**REQUIRED ACTION:** Reproduce the data in full, exactly as given, leaving images out.

**DATA BLOCK:**
▶

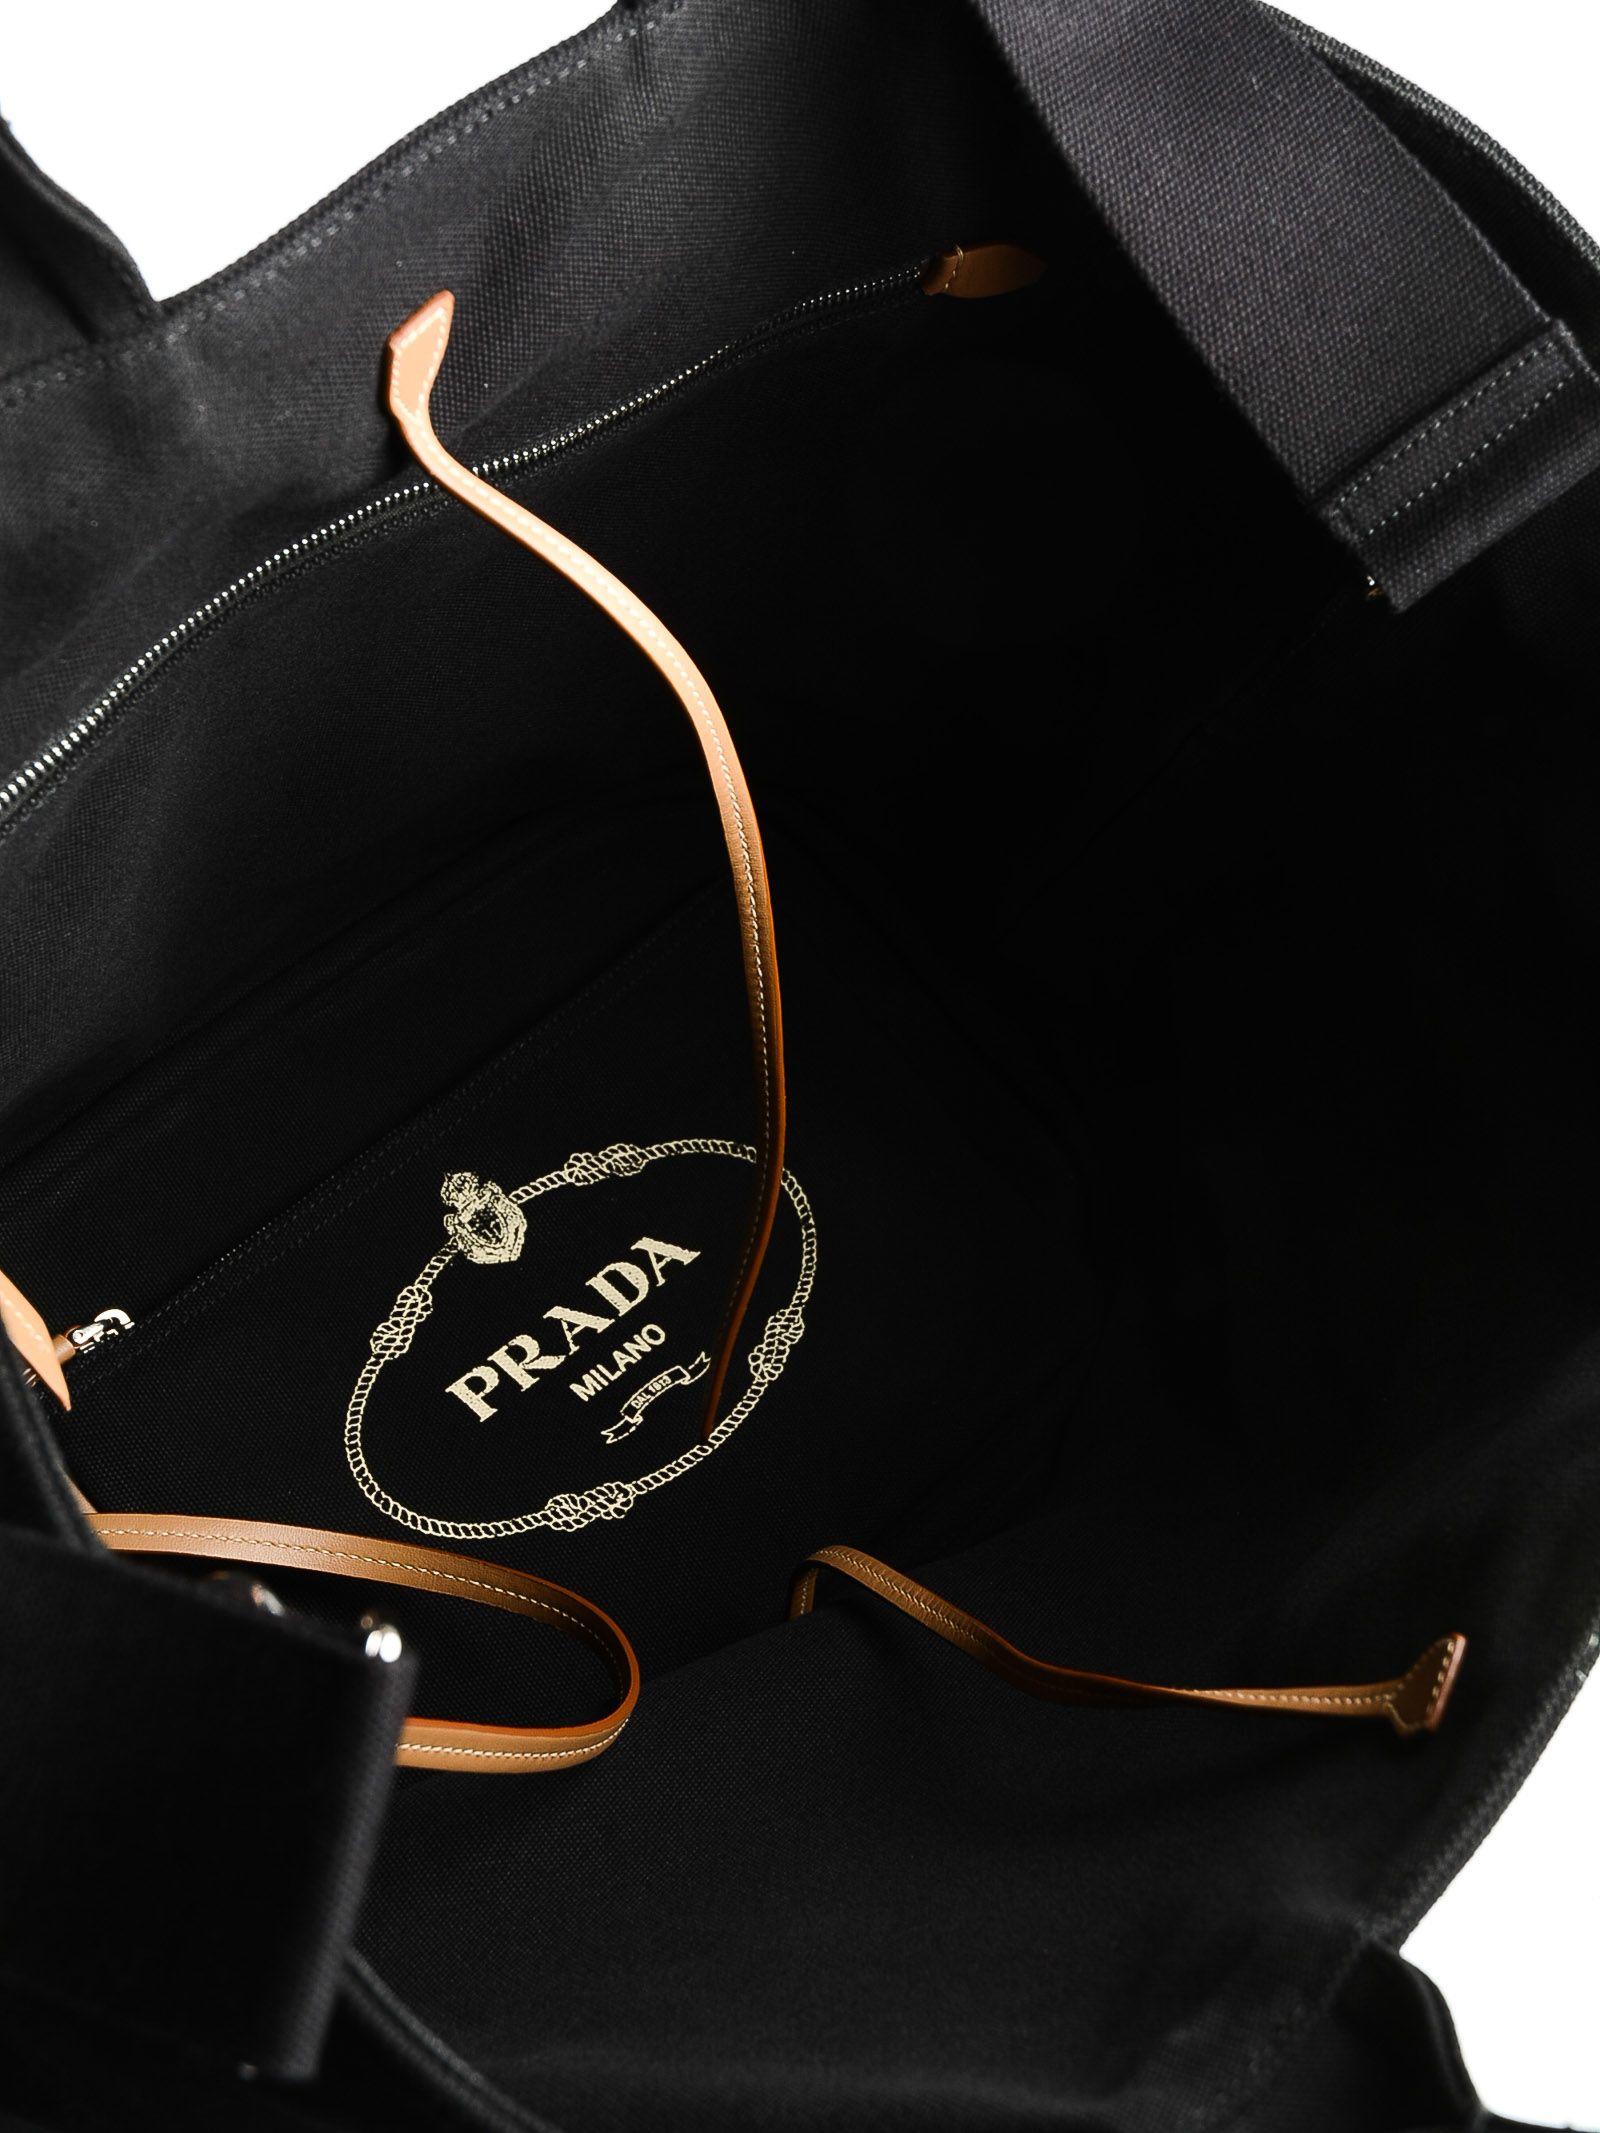 26e8780da9bea0 Prada Prada Logo Tote - Nero - 10781238 | italist
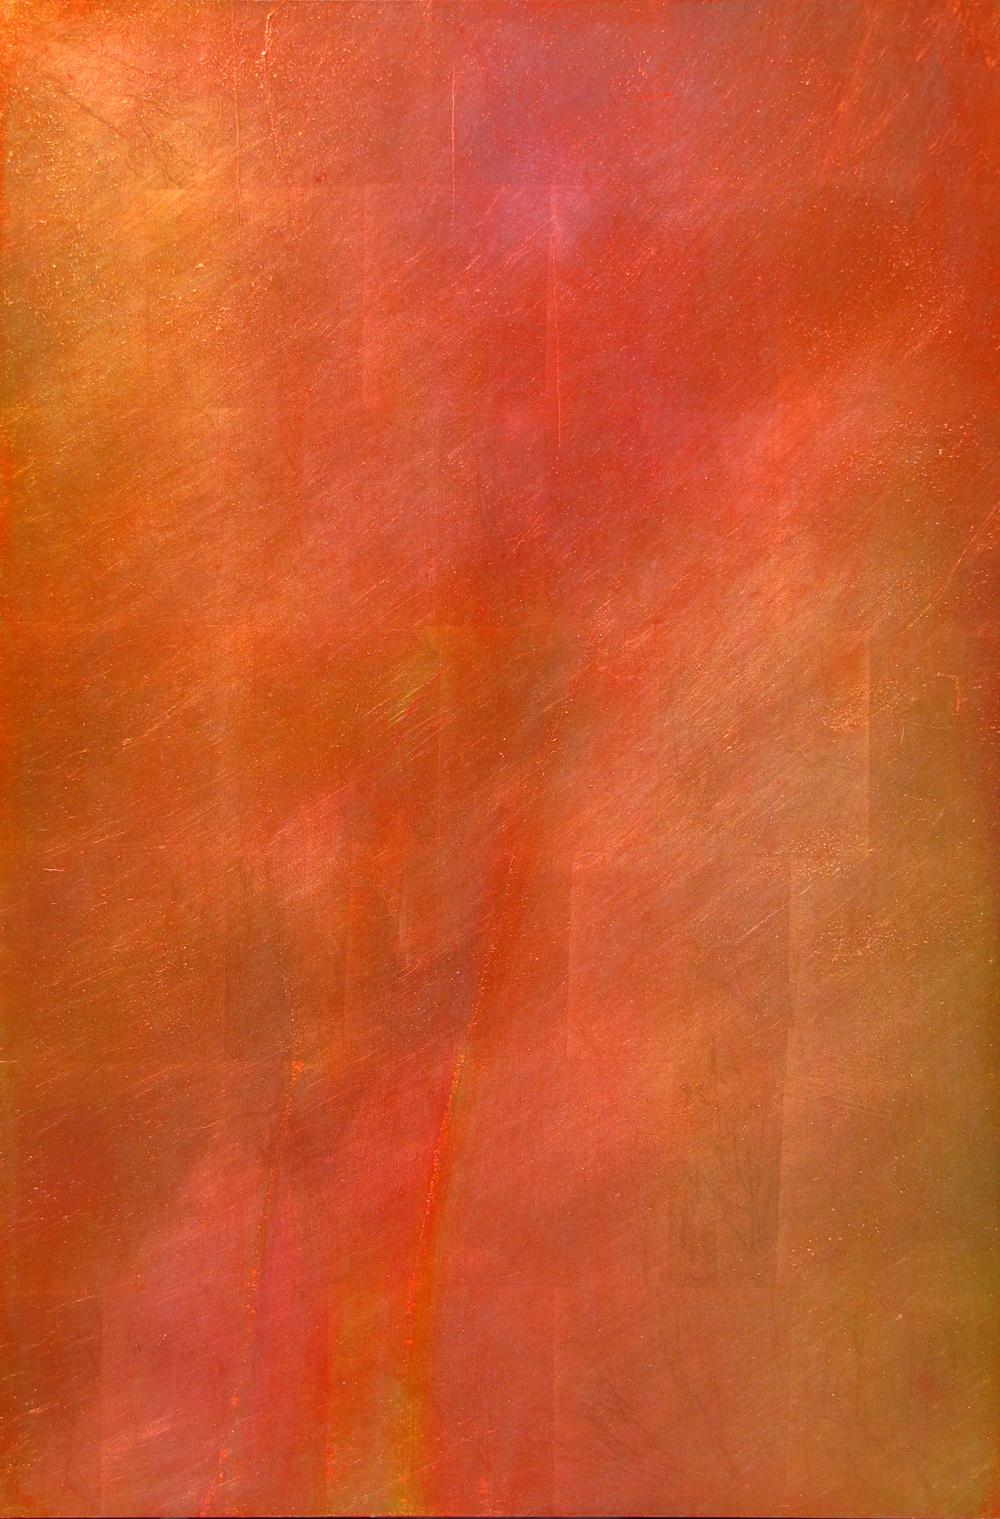 "TRUMPET VINE FLOWER 24"" x 36"" — Oil over aluminum silver leaf on panel $3000.00"
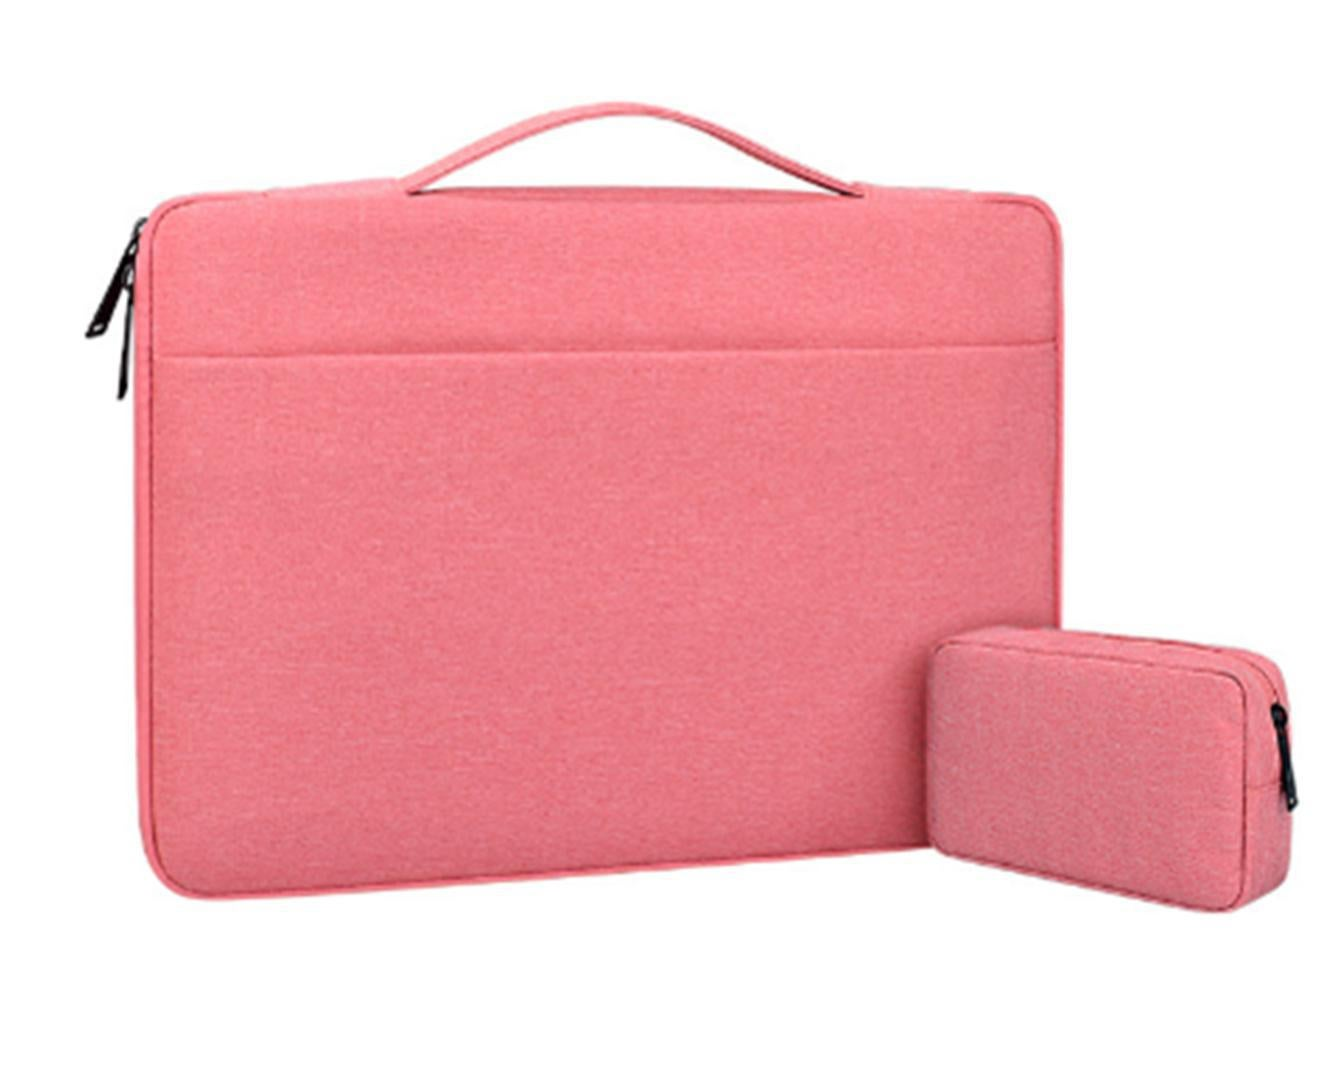 14.1 Inch Waterproof and Wear-resistant Laptop Bag Notebook Liner Bag Business Exhibition Bag-33#-Pink

◀

**RESPONSE:**
 26e8780da9bea0 Prada Prada Logo Tote - Nero - 10781238 | italist
 "TRUMPET VINE FLOWER 24"" x 36"" — Oil over aluminum silver leaf on panel $3000.00"
 14.1 Inch Waterproof and Wear-resistant Laptop Bag Notebook Liner Bag Business Exhibition Bag-33#-Pink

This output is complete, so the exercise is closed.